Maternal Ultrasonography for the Antenatal Diagnosis of Surgically Significant Neonatal Anomalies

Abstract
The increased use of ultrasonography in the management and evaluation of pregnancy has provided a unique opportunity to observe the anatomy of the developing fetus from 12 weeks gestation until term. Twenty-eight surgically important anatomic abnormalities have been diagnosed in utero by sonographic examinations at our affiliated institutions over the past three and a half years. These include ascites (five cases), gastroschisis (four cases), omphalocele (three cases), sacrococcygeal teratoma, cystic hygroma, hydrocele, duodenal atresia, multicystic kidney (two cases each), and one each of jejunal atresia, conjoined twins, ureteropelvic junction obstruction, urethral valves, urethral agenesis, and hydronephrosis secondary to reflux. Prenatal diagnosis by ultrasonographic examination has signifcantly improved perinatal management. Elective caesarean section has benefited infants with lesions causing dystocia, such as sacrococcygeal teratoma, omphalocele, and conjoined twins. Advance notification of surgeons and neonatalogists has reduced the delays of postnatal evaluation and treatment that contribute, significantly, to complications and death.
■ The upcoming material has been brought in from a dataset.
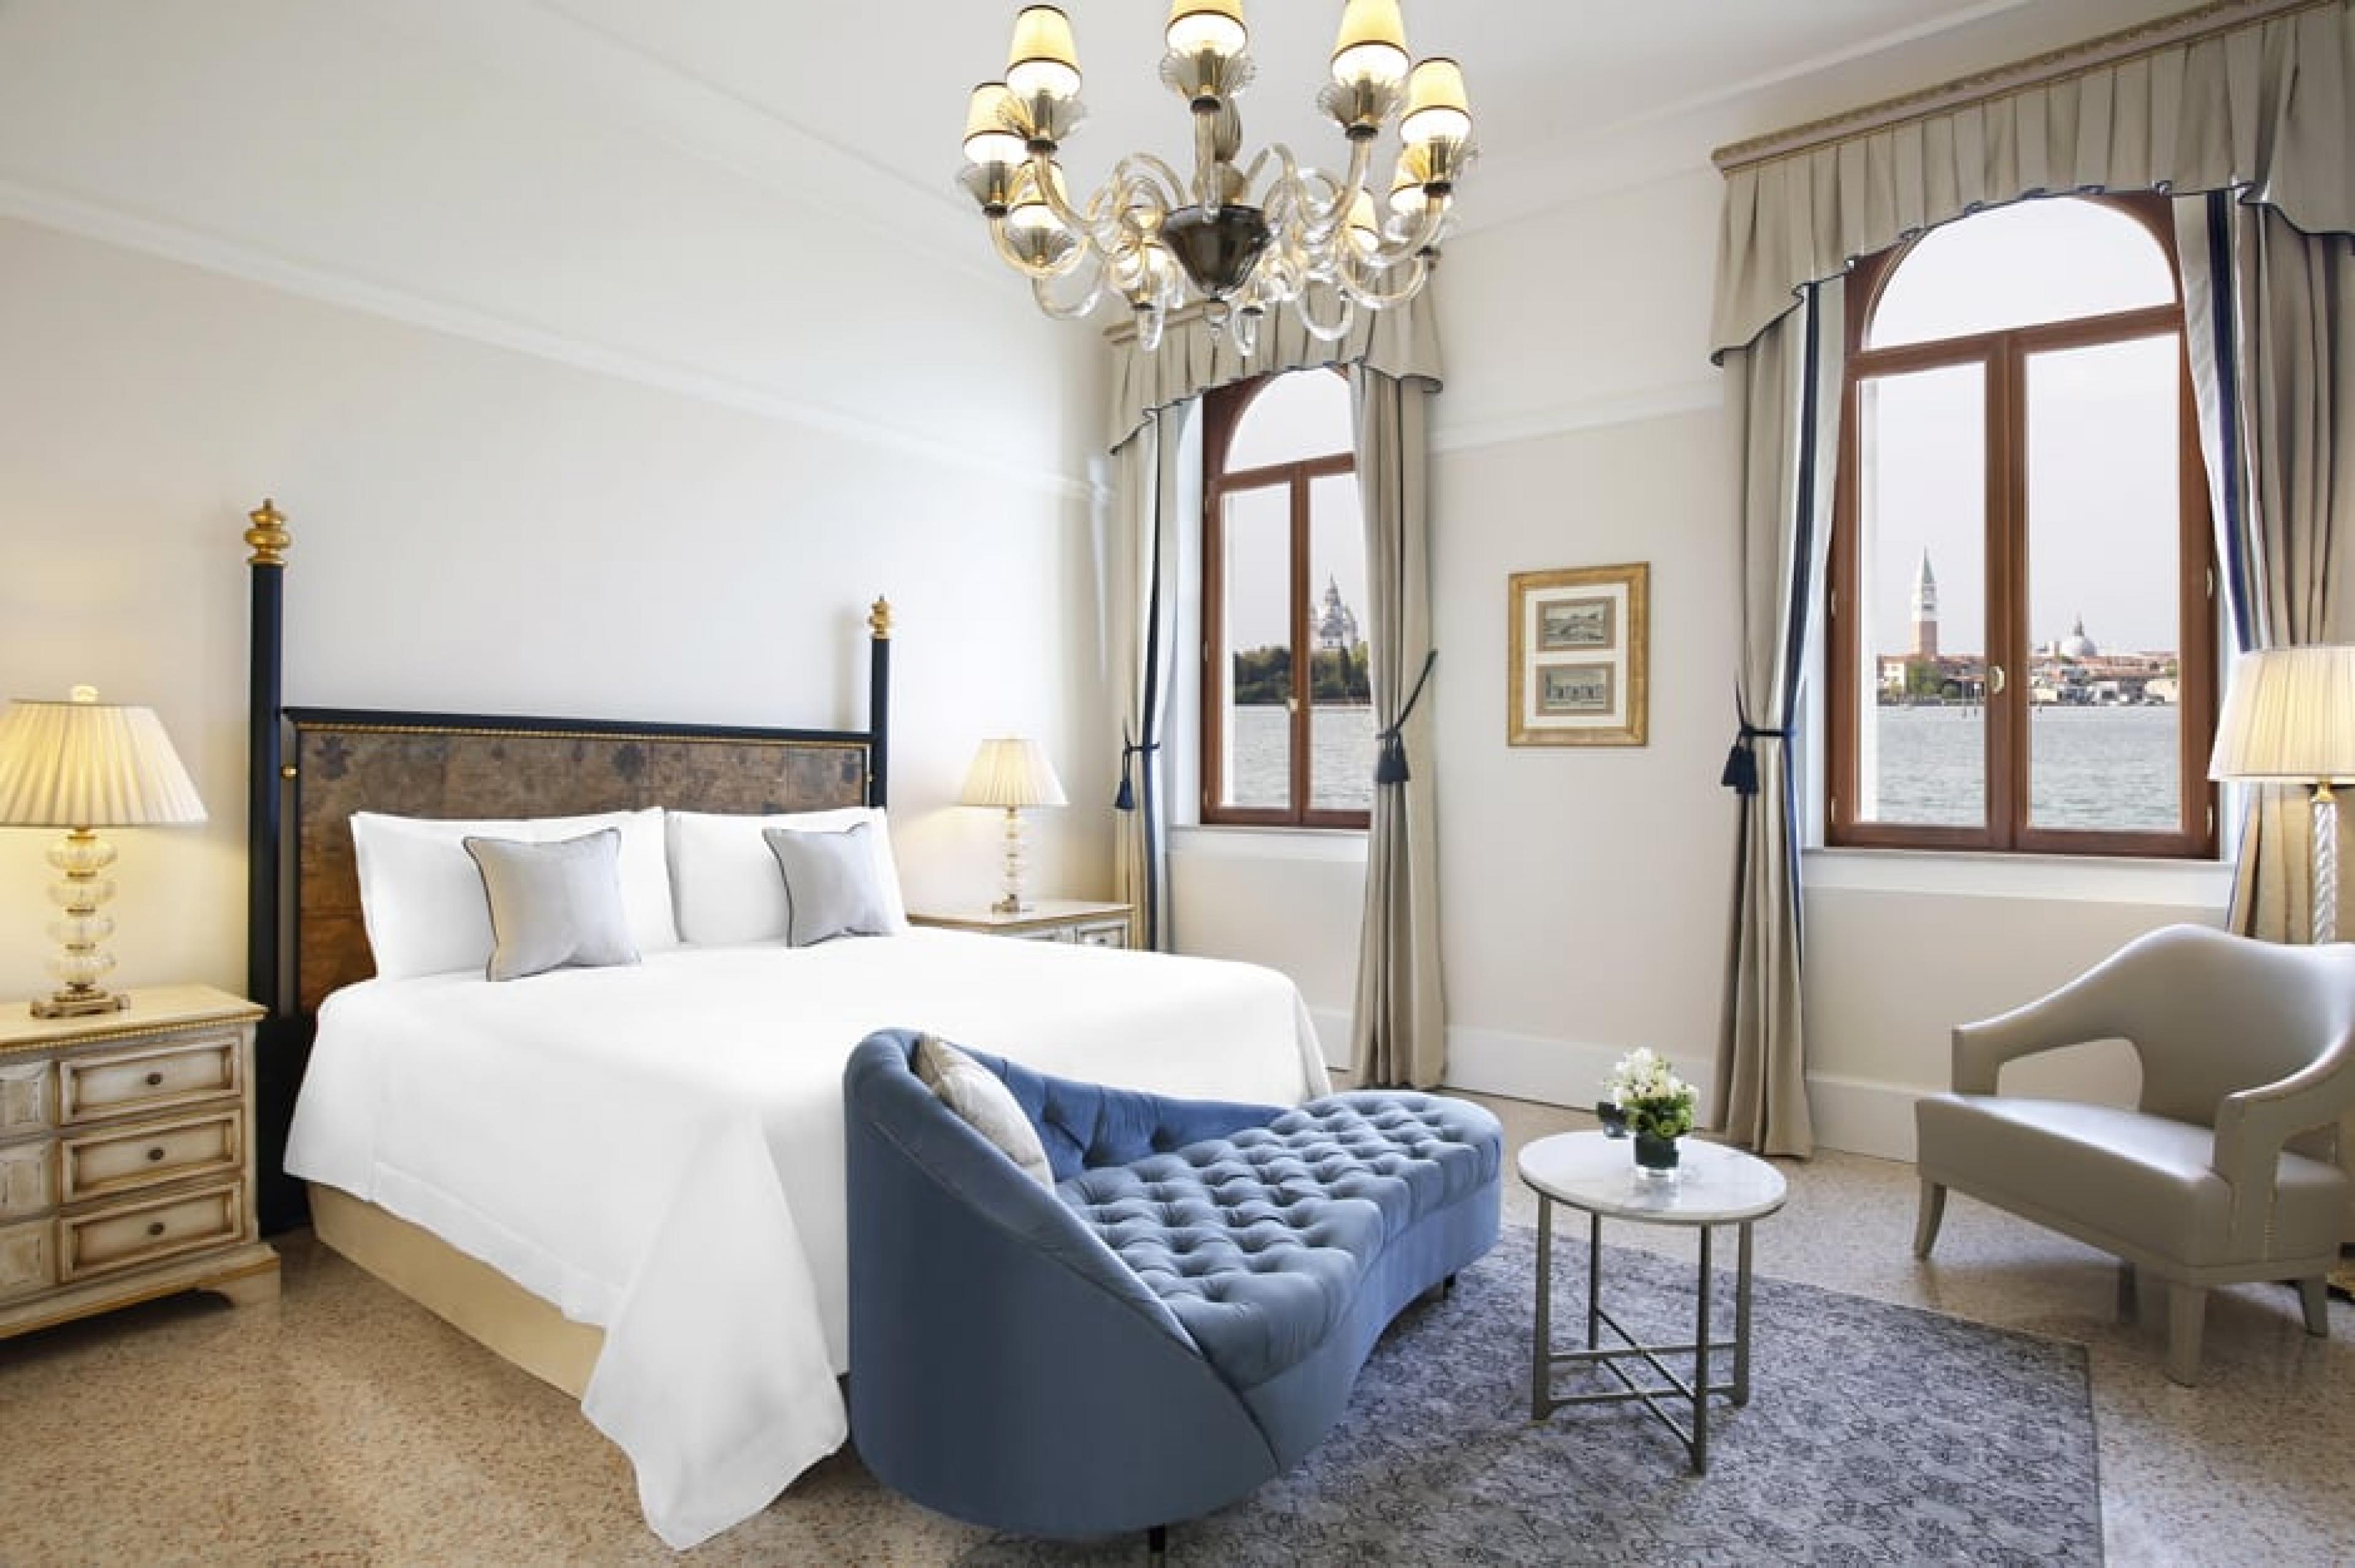 Suite at San Clemente Palace Kempinski, Venice, Italy

In addition, transfer of the pregnant mother carrying an infant with a significant surgical anomaly to a center with facilities for neonatal surgery and specialized postoperative care can be properly planned for in advance. In the near future, intrauterine fetal surgery or palliative intervention may provide increased salvage of patients with obstructive uropathy and diaphragmatic hernia, both of which carry high mortality rates secondary to in utero damage. Sonography has proven useful in following the dilatation of either intestinal or urinary tract structures in utero. In our hands, maternal sonography has improved the surgical care of the newborn and may open a new frontier of intrauterine fetal surgery in the future.